To experience the truly strong flavor of thyme, try summer harvest. Or else, thyme can be harvested all year round preferably before the flowering season.

Small sprigs of thyme are cut with aid of a sharp pair of scissors.

Thyme can be used both fresh and dried as it imparts the best of its flavor in both the forms.

Thyme can be oven-dried slowly for 24 hours at 212°F, or it can be air-dried until the leaves feel brittle to touch. The dried leaves are then stored in an airtight container to be used later for its signature essence and flavor.


Thyme, the strongest and driest of herbs, is widely used by people all around the world to gain a wise profit.

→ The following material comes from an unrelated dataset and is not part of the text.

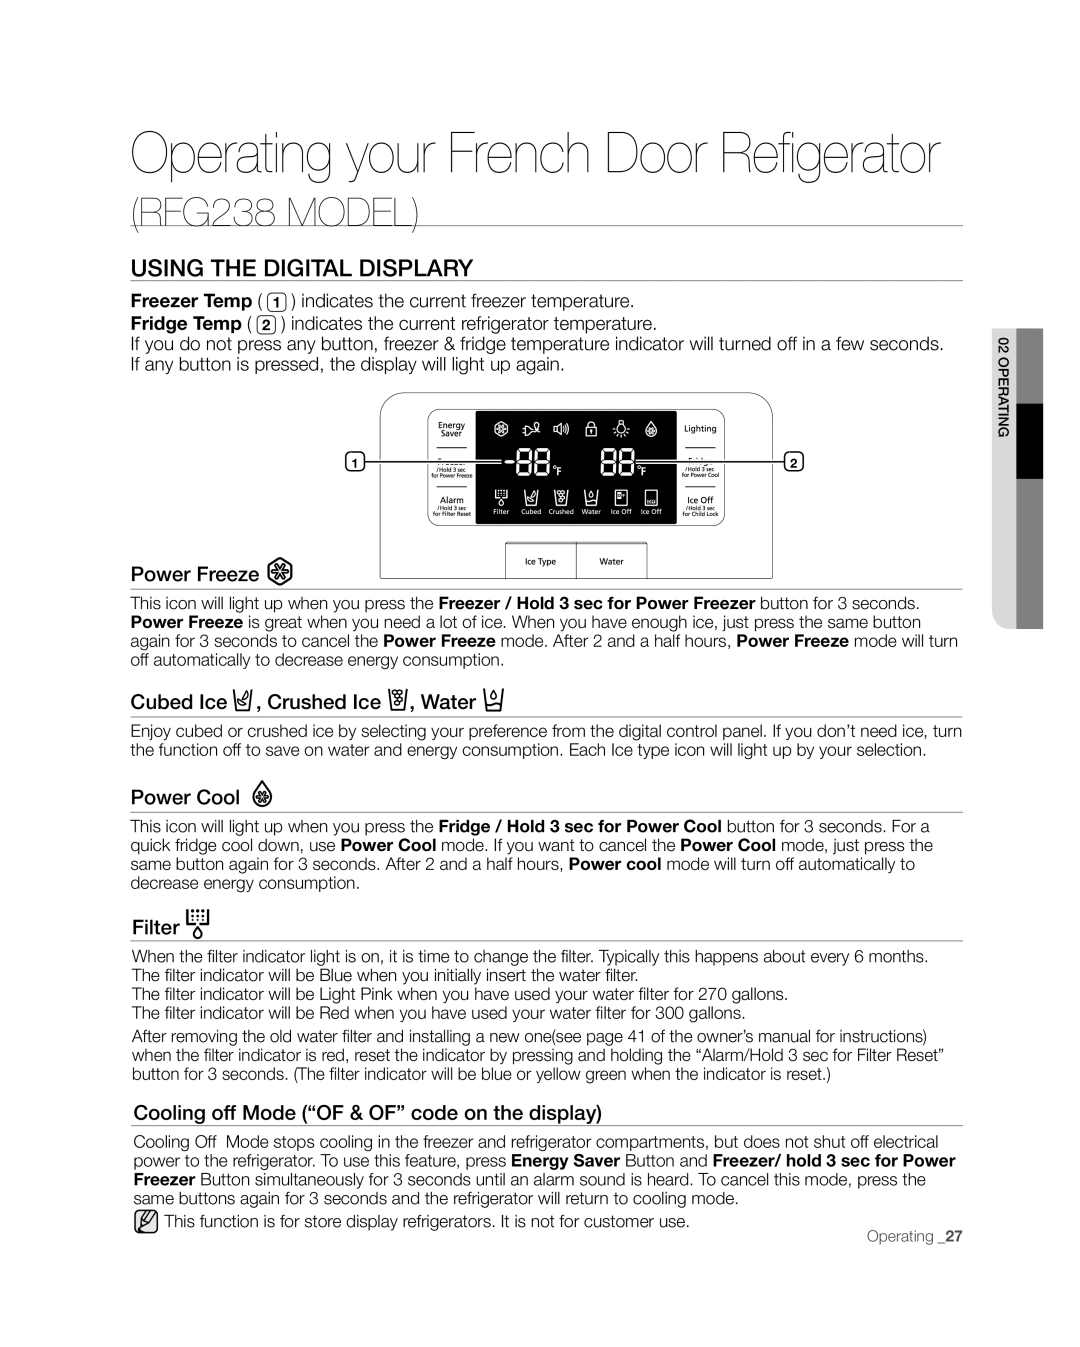 Samsung RFG238AARS Using The Digital Displary, Operating your French Door Refigerator, RFG238 MODEL, Power Freeze, Filter

  • Tea - Fresh thyme sprigs are soaked in boiling water for 10 to 15 minutes and then strained to form thyme tea.
  • Tincture - Infuse fresh or dried chopped thyme leaves in grain alcohol for 4 to 6 weeks. Strain the liquid and place it in a dark and dry place.
  • Decoction - Dried thyme sprigs are steeped in hot boiled water for 5 to 10 minutes. The decoction is strained and can be enjoyed with the addition of natural sweetener.
  • Salve - Thyme oil is used to make thyme salve.
  • Syrup - fresh or dried thyme is simmered with white sugar and water to form thyme syrup.
  • Infused oil - Fresh or dried thyme is heated with oil for an hour. The oil is then strained and labeled as thyme oil.